Two Student Nurses Accepted into VA-STEP Internship Program
Student nurses gain valuable clinical experience and perspective at Nashville's VA hospital this past summer.
Janel Shoun-Smith |
This past summer, student nurse Molly Zobrist and nursing alumna Mary Higgins (’22) had the opportunity to develop clinical competencies and skills at VA Tennessee Valley Healthcare in Nashville through the VA Student Trainee Experience Program (VA-STEP) program (formerly know as the VALOR program).
For more than 20 years, the VA has offered this clinical residency for BSN students beginning with a 10-week concentrated clinical experience between their junior and senior years. VA-STEP is a paid nursing internship designed to increase participants’ clinical skills, clinical judgment, and critical thinking while caring for our nation’s military veterans.
This program provides opportunities for learning, including didactic or classroom experiences and clinical practice, with a qualified RN preceptor. Additionally, students can gain valuable insight into what goes into each day when working in medicine.
“Day-to-day, on-the-ground experience in a hospital is a valuable commodity that not every nursing student has access to,” said Zobrist and Higgins. “However, Lipscomb’s School of Nursing strives to provide as much firsthand clinical experience as possible, including steering eligible students toward the VA-STEP internship, which provides both the opportunity to practice in many different wards and to practice the care themselves while still a student.”
One of Higgins’ favorite experiences was serving in the STEM cell transplant unit (for patients undergoing cancer treatments).

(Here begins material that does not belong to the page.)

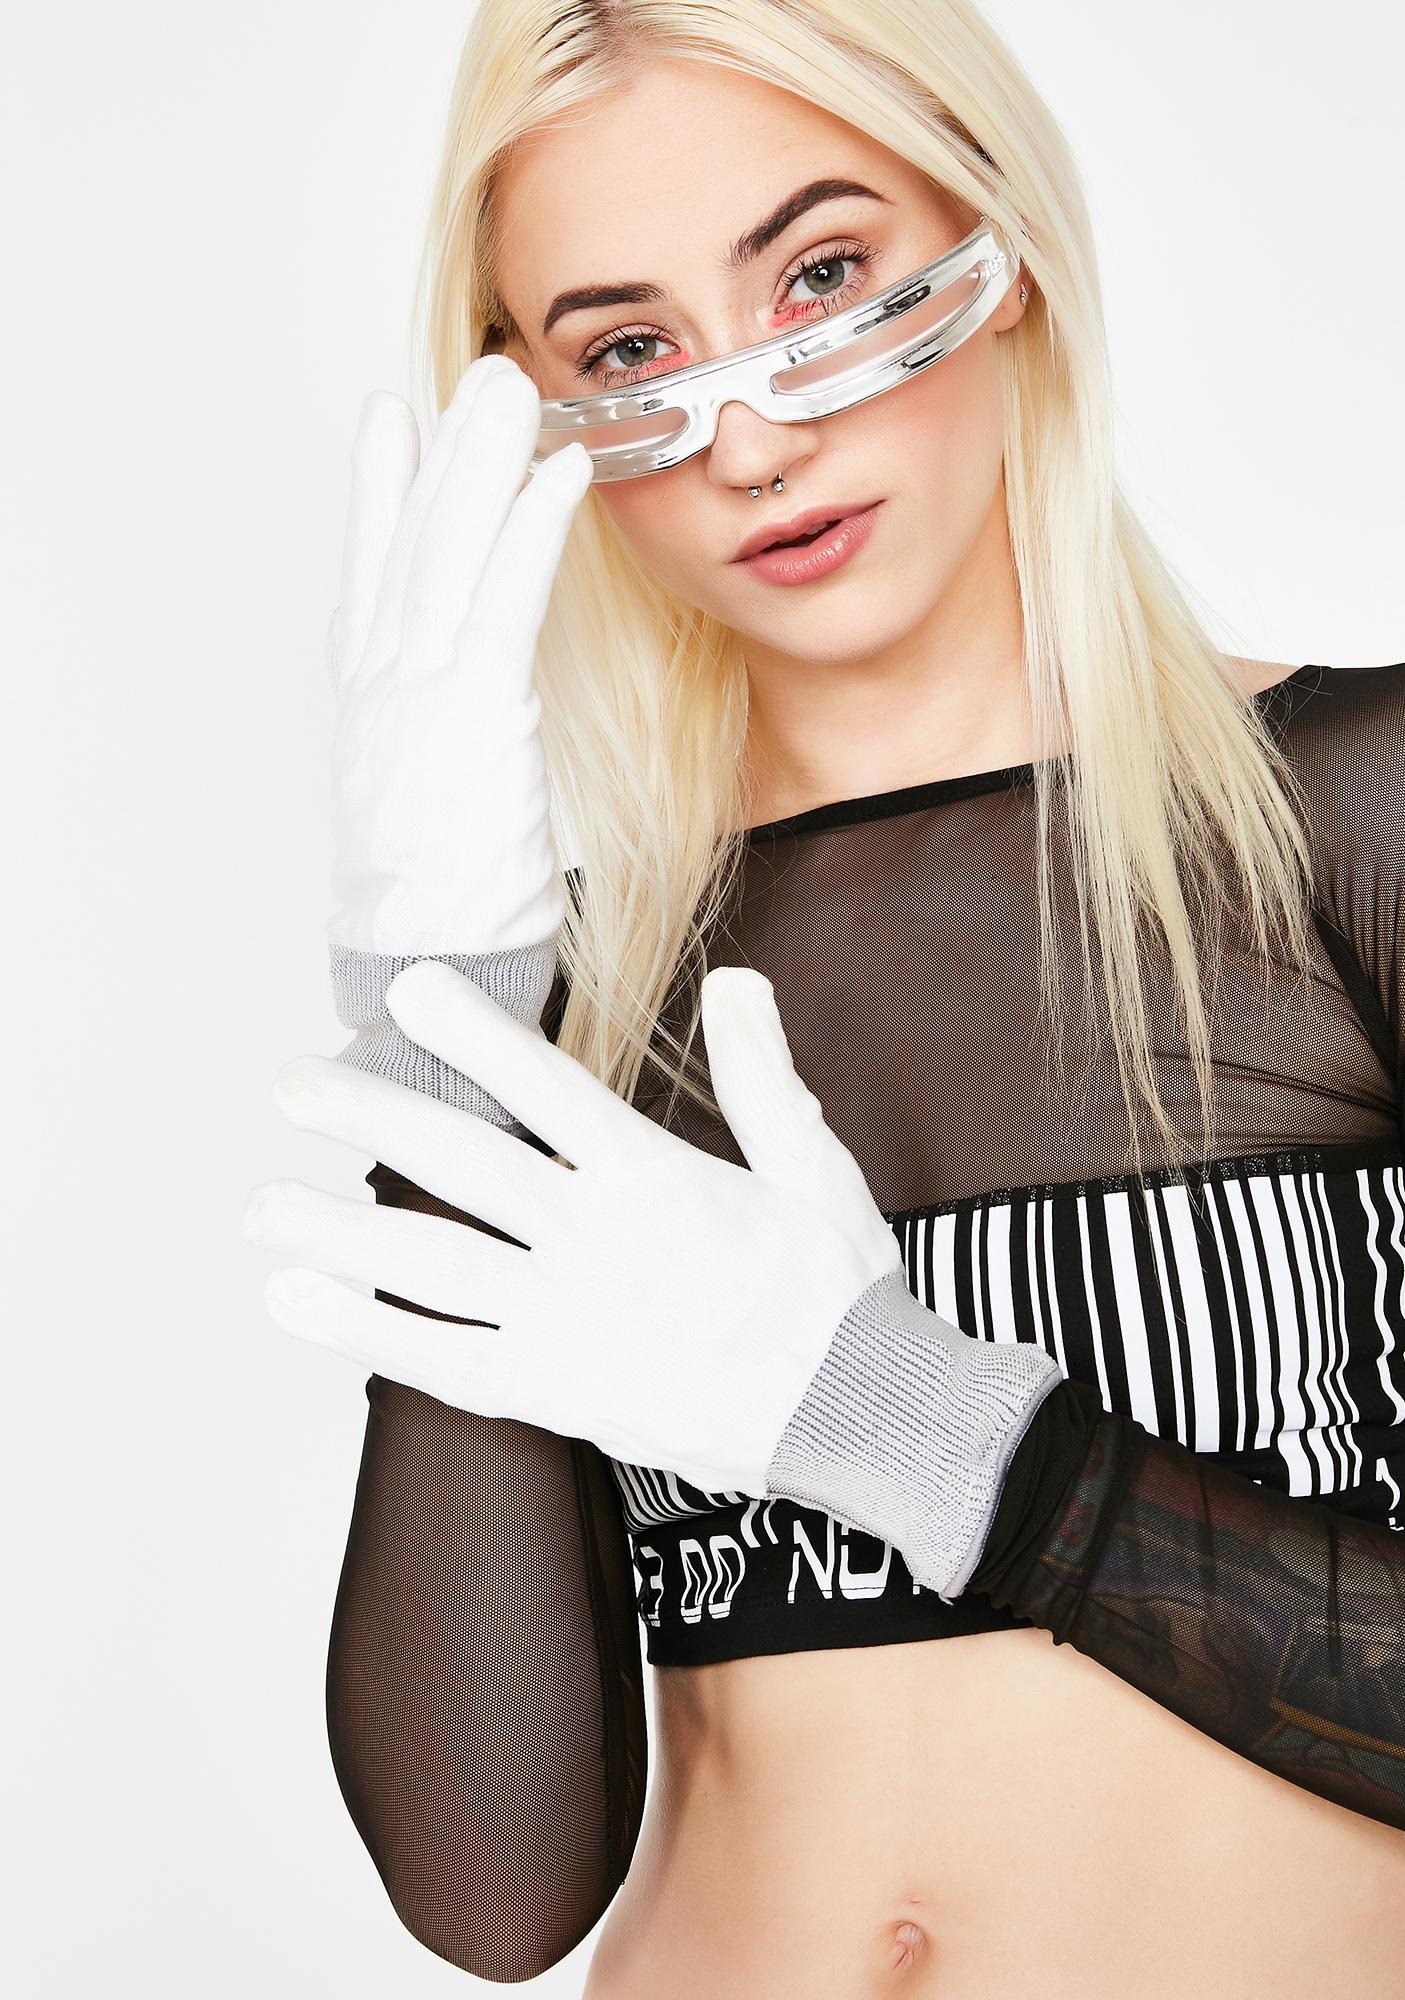 Cyberdog LED Fibre Gloves

“Working with that population, with veterans of all ages, seeing the treatments they were going through…We really got to know the patients and their families as they went through cancer treatment,” says Higgins. “I had the opportunity to perform the daily tasks of an RN, with my preceptor by my side, like a paid practicum.”
The program also gave her the opportunity to see other parts of the VA, including the medical intensive care unit (ICU), surgical ICU, the operating room, and the emergency department.
“I was able to do so much more than I could have at a private-sector hospital. It was a learning opportunity to be able to see so much before I even got my license, as well as to get to serve a population that has done so much for this country,” says Higgins. “I felt blessed to be able to give back by serving that population.”
The VA-STEP program helps students find what nursing field they want to pursue.
“I had the opportunity to network with people from many different backgrounds. That helped me to find my passion in those areas,” said Higgins.
Zobrist discovered that she wanted to work in the ICU after being placed on the surgical ICU team for a couple of shifts.
“I noticed how much I liked the ICU,” says Zobrist. “There are so many pieces in a patient’s care, and work in the ICU is like having to fit all the little parts together. There is something about it that feels different. Because nurses only have two or three patients in the ICU unit, they do so many more of the little things,” and get to know the families of the patients more closely.
“I like to do all the medication and the IVs, but there is so much more to it than that,” Zobrist says of intensive care.
During her internship Zobrist also had the opportunity to observe an open heart surgery, stating that it was one of her favorite experiences she had ever had.
Zobrist’s next step in her studies is a preceptorship in the neurological ICU unit at Skyline Medical Center. Higgins graduated in December 2022 after completing an extended VA-STEP internship and now works at the VA Tennessee Valley surgical ICU.
“Not a lot of students have the opportunity to have their clinicals at a VA facility. I was able to see a different side of nursing, and I came to the conclusion that the VA is an organization that I want to be a part of,” said Higgins.